[[ DATASET EXTRACT open ]]
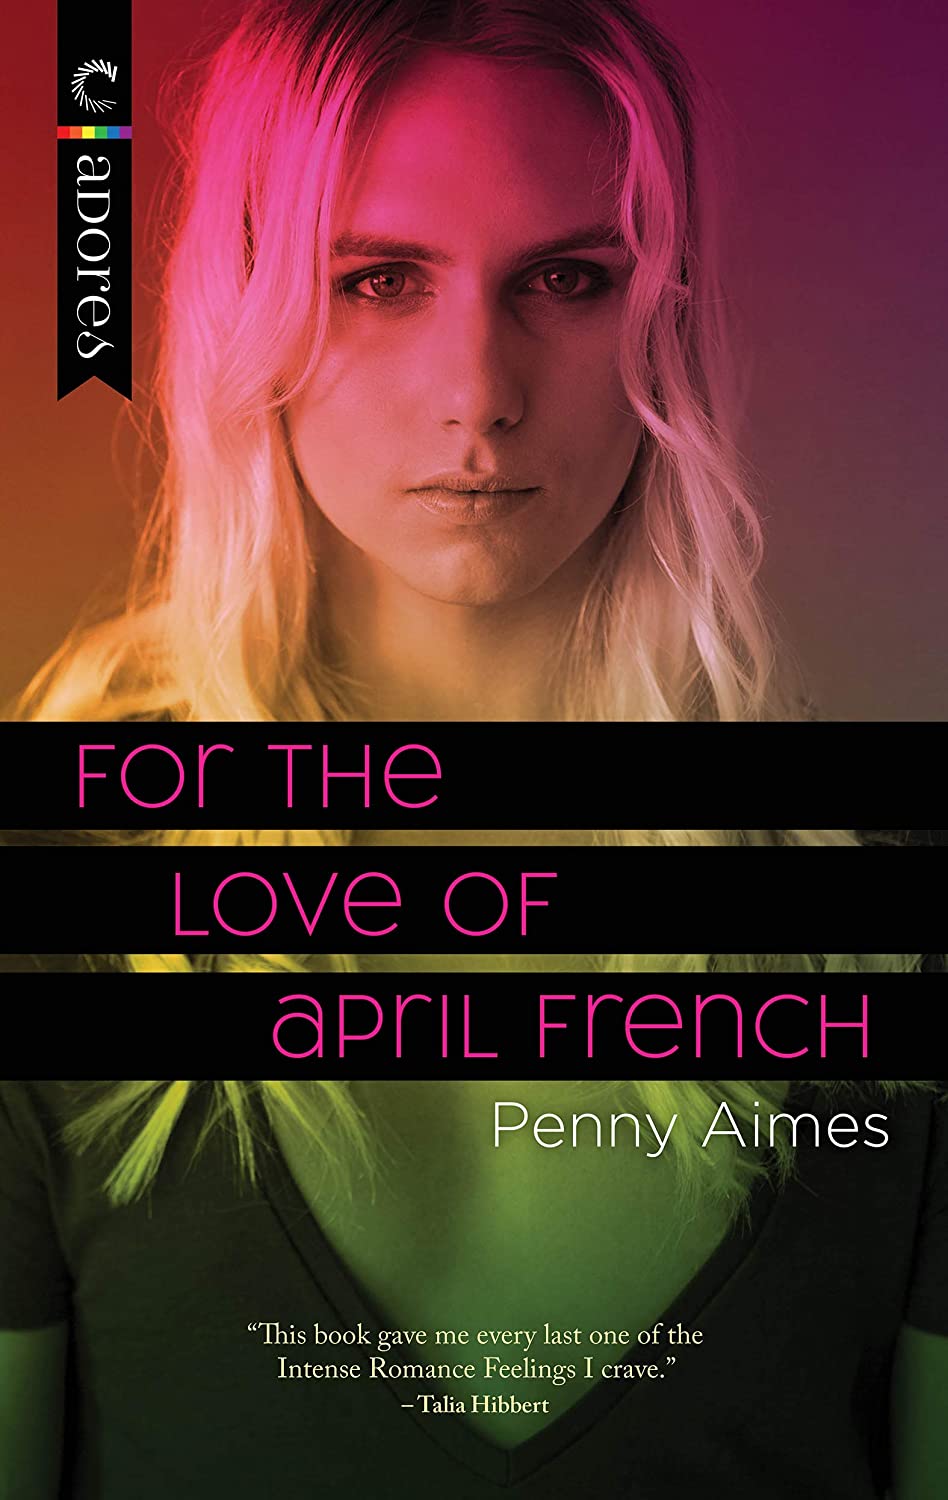 For the Love of April French by Penny Aimes
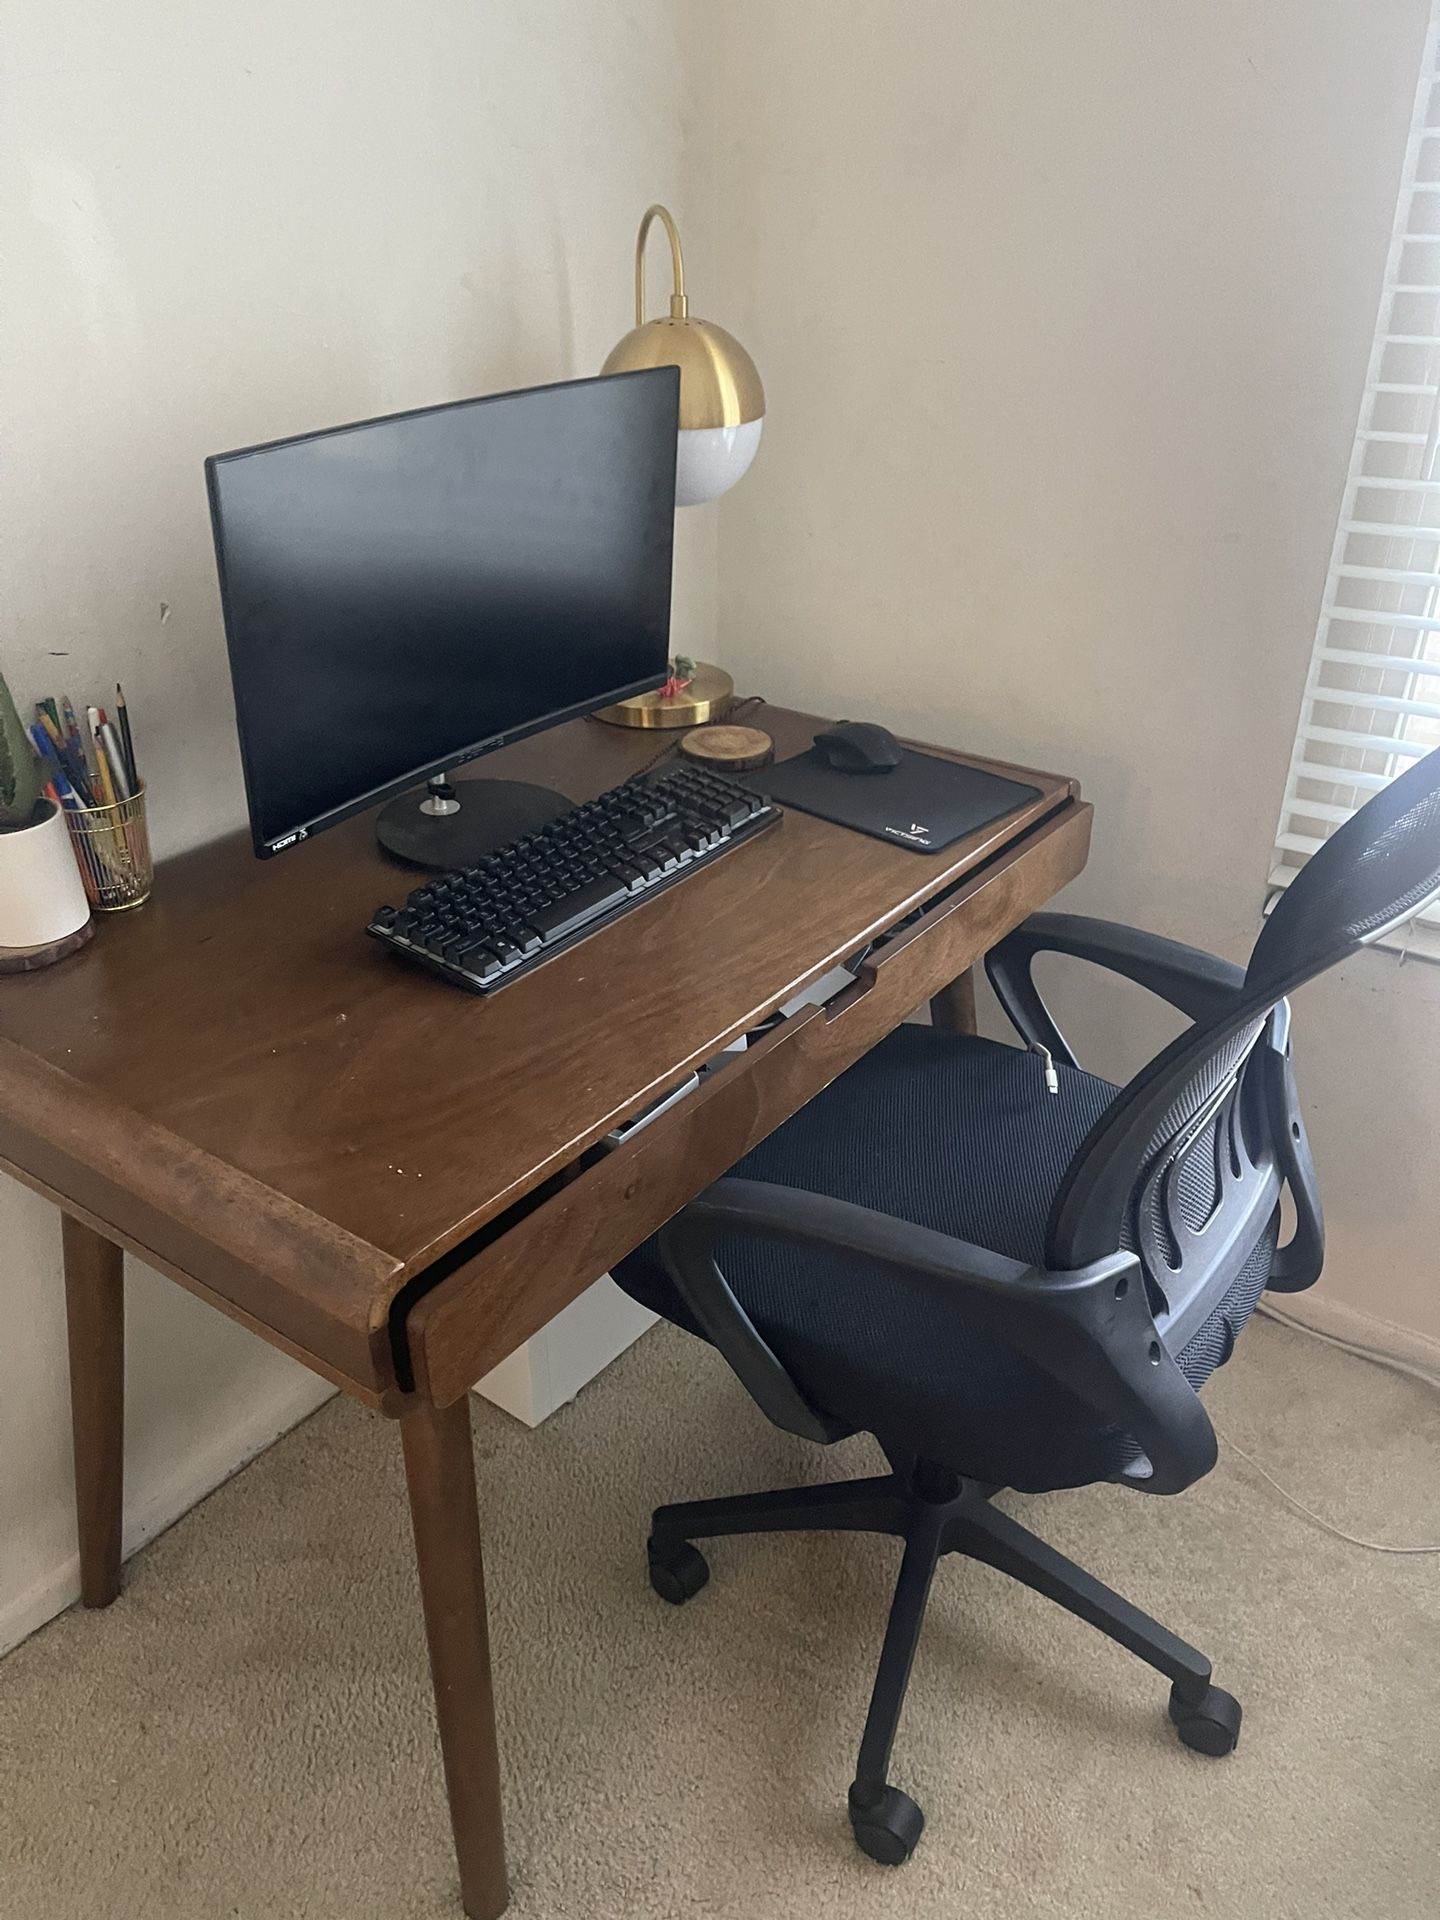 SALE WAYFAIR STUNNING COMPUTER DESK WITH LAMP $400 NOW FOR $250
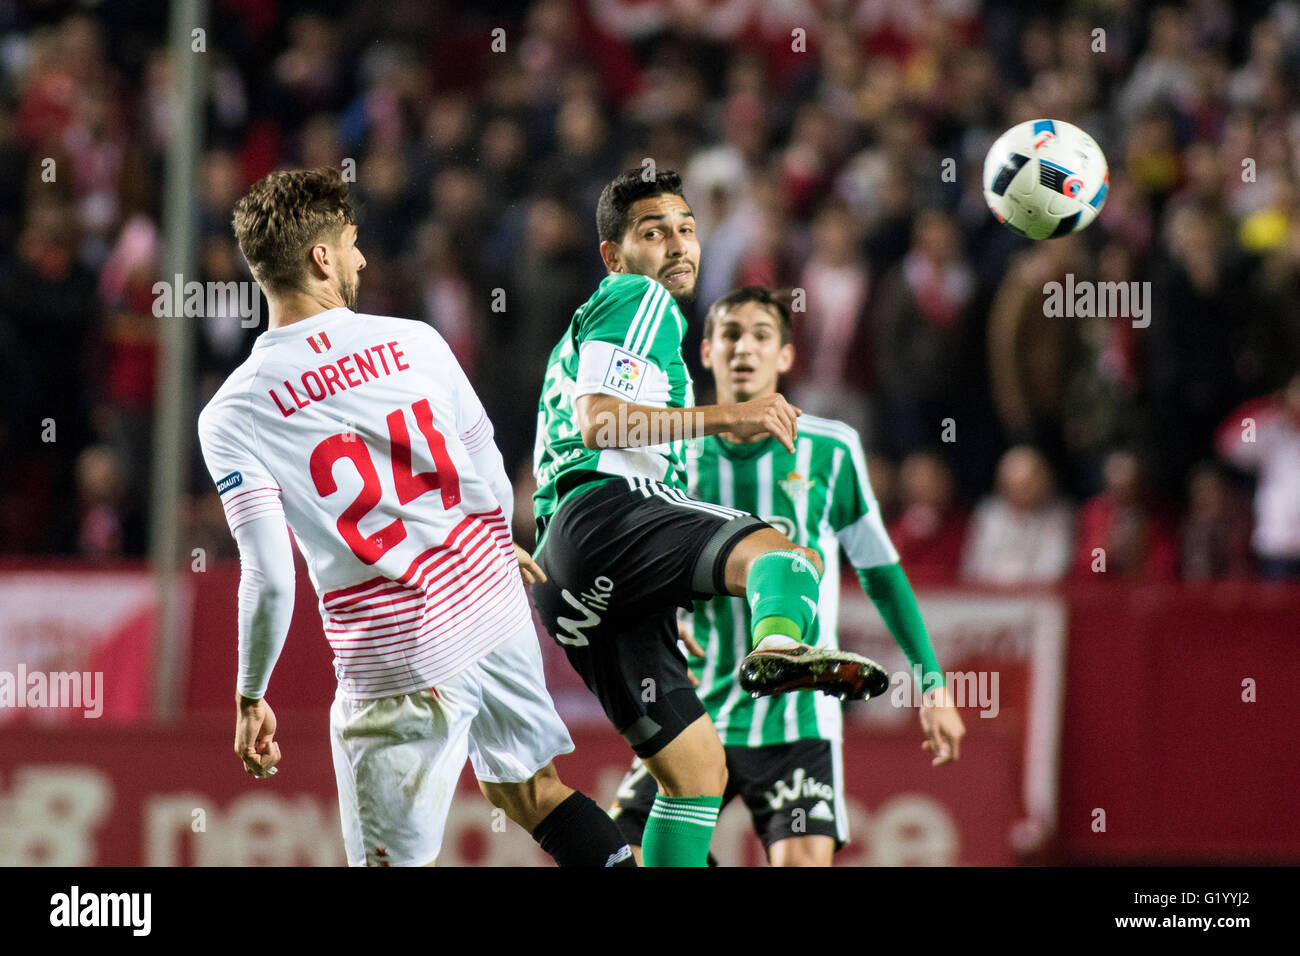 Fernando Llorente of Sevilla (L ) vies for the ball with Petros Matheus dos Santos Araujo of Real Betis (R ) during the match of King's Cup between Sevilla FC and Real Betis at the Ramon Sanchez Pizjuan Stadium in Sevilla, Spain, 12 January, 2016 Stock Photo
[[ DATASET EXTRACT closed ]]
WHAT NEEDS TO BE DONE: Repeat all of the listing above word for word, and exclude the pictures.

SOLUTION TO THIS PROBLEM:
 For the Love of April French by Penny Aimes
 SALE WAYFAIR STUNNING COMPUTER DESK WITH LAMP $400 NOW FOR $250
 Fernando Llorente of Sevilla (L ) vies for the ball with Petros Matheus dos Santos Araujo of Real Betis (R ) during the match of King's Cup between Sevilla FC and Real Betis at the Ramon Sanchez Pizjuan Stadium in Sevilla, Spain, 12 January, 2016 Stock Photo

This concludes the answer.